In a new report based on census figures titled “The State of Metropolitan America,” Mr. Frey found that Arizona has the largest “cultural generation gap,” as he calls it, between older Americans who are largely white (83 percent in Arizona’s case) and children under 18 who are increasingly members of minorities (57 percent in Arizona’s case).
Florida ranks sixth on Mr. Frey’s cultural generation gap list, with a 29 percentage point difference between the percentage of white people among its older residents and the percentage that whites make up of its children.
That very different makeup of the young and the old can lead t0 tensions. Demographers say it has the potential to produce public policy that alienates the young because older people are more likely to vote and less likely to be connected to the perspectives of youth — especially the perspectives of young people of different races and national origins.
“Short term, politically, the age divide heightens polarization,” Mr. Suro said “Long term,” he added, “there’s the challenge of whether older citizens will pay for the education of the children of immigrants.”
Some older Americans acknowledge that how they grew up has shaped their opinions. Mike Lombardi, 56, of Litchfield, Ariz. — one of 1,079 respondents in the Times/CBS poll conducted from April 28 to May 2 — said his support for his state’s new law stemmed partly from the shock of seeing gaggles of immigrants outside Home Depot, who he assumed were illegal. Comparing the situation to his youth in Torrance, Calif., in a follow-up interview, he said, “You didn’t see anything like what you see now.”
Maggie Aspillaga, 62, a Cuban immigrant in Miami, had more specific concerns: a risk of crime from illegal immigrants and the costs in health care and other services. “They’re taking resources,” she said.
Some young people agree, of course, just as many baby boomers support more open immigration policies. In the poll, a majority of Americans in all age groups described illegal immigration as a “very serious” problem.
Still, divisions were pronounced by age: for instance, while 41 percent of Americans ages 45 to 64 and 36 percent of older Americans said immigration levels should be decreased, only 24 percent of those younger than 45 said so.
Ms. Patrick, 22, said the gap reflected what each group saw as normal. In her view, current immigration levels — legal and illegal — represent “the natural course of history.”
As children, after all, her generation watched “Sesame Street” with Hispanic characters, many of them sat in classrooms that were a virtual United Nations, and now they marry across ethnic lines in record numbers. Their children are even adopting mixed monikers like “Mexipino,” (Mexican and Filipino) and “Blaxican” (black and Mexican).
That “multiculti” (short for multicultural) United States is not without challenges. Aparna Malladi, 31, a graduate student at Florida International University originally from India, said that when she first entered laboratories in Miami, it took a while for her to learn the customs.

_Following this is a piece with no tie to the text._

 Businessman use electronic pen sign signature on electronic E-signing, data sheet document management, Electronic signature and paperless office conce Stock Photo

“I didn’t know that when I enter a room, I have to greet everyone and say goodbye when I leave,” Ms. Malladi said. “People thought I was being rude.”
Still, in interviews across the nation, young people emphasized the benefits of immigrants. Andrea Bonvecchio, 17, the daughter of a naturalized citizen from Venezuela, said going to a high school that is “like 98 percent Hispanic” meant she could find friends who enjoyed both Latin music and her favorite movie, “The Parent Trap.”

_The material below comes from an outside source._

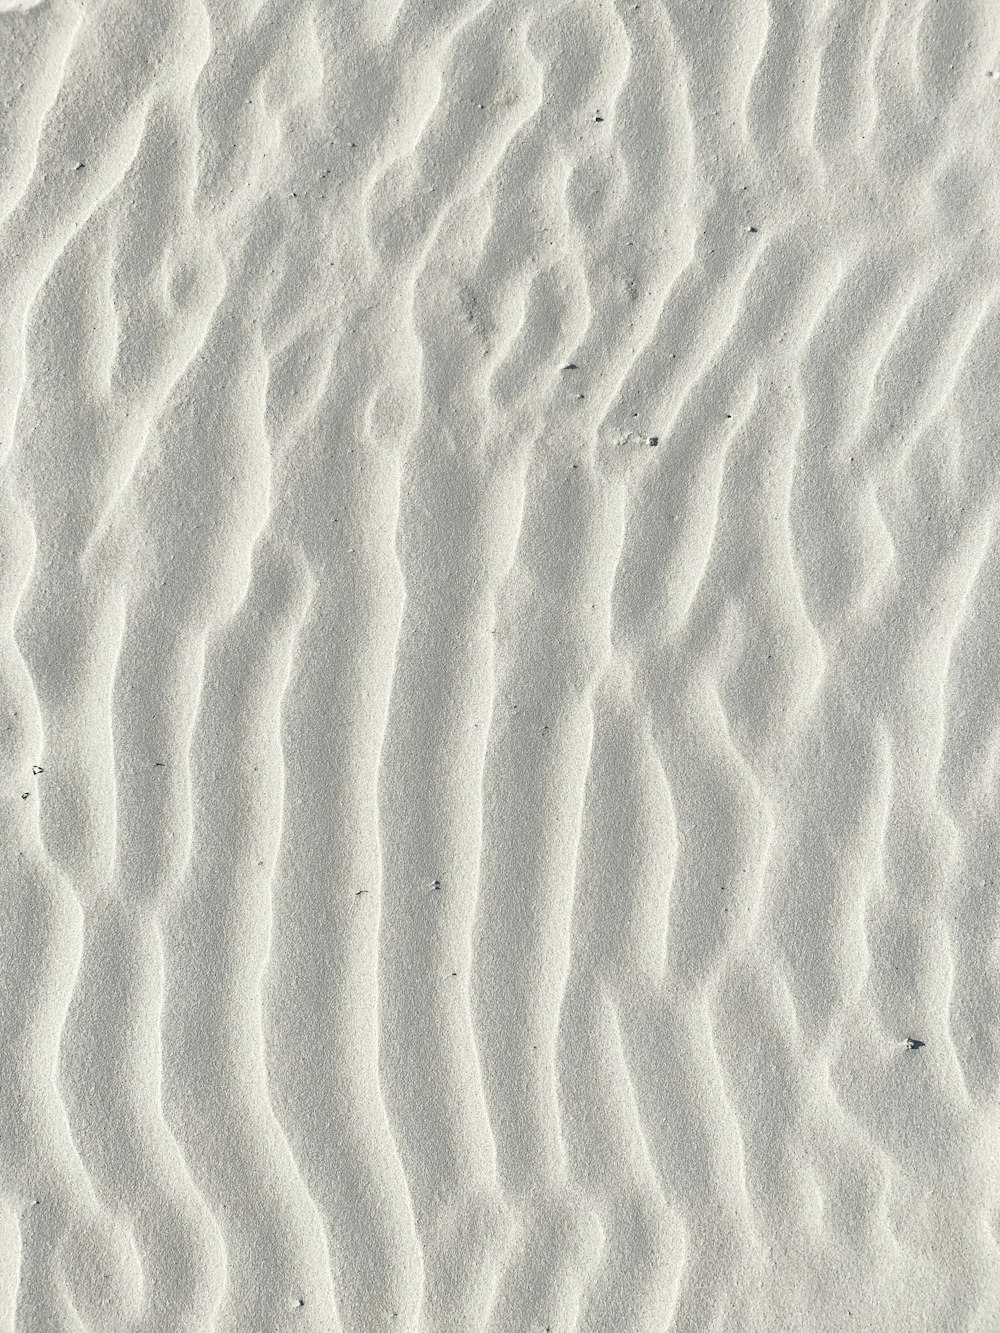 Macrophotographie de sable blanc

Nicole Vespia, 18, of Selden, N.Y., said older people who were worried about immigrants stealing jobs were giving up on an American ideal: capitalist meritocracy.
“If someone works better than I do, they deserve to get the job,” Ms. Vespia said. “I work in a stockroom, and my best workers are people who don’t really speak English. It’s cool to get to know them.”
Her parents’ generation, she added, just needs to adapt.
“My stepdad says, ‘Why do I have to press 1 for English?’ I think that’s ridiculous,” Ms. Vespia said, referring to the common instruction on customer-service lines. “It’s not that big of a deal. Quit crying about it. Press the button.”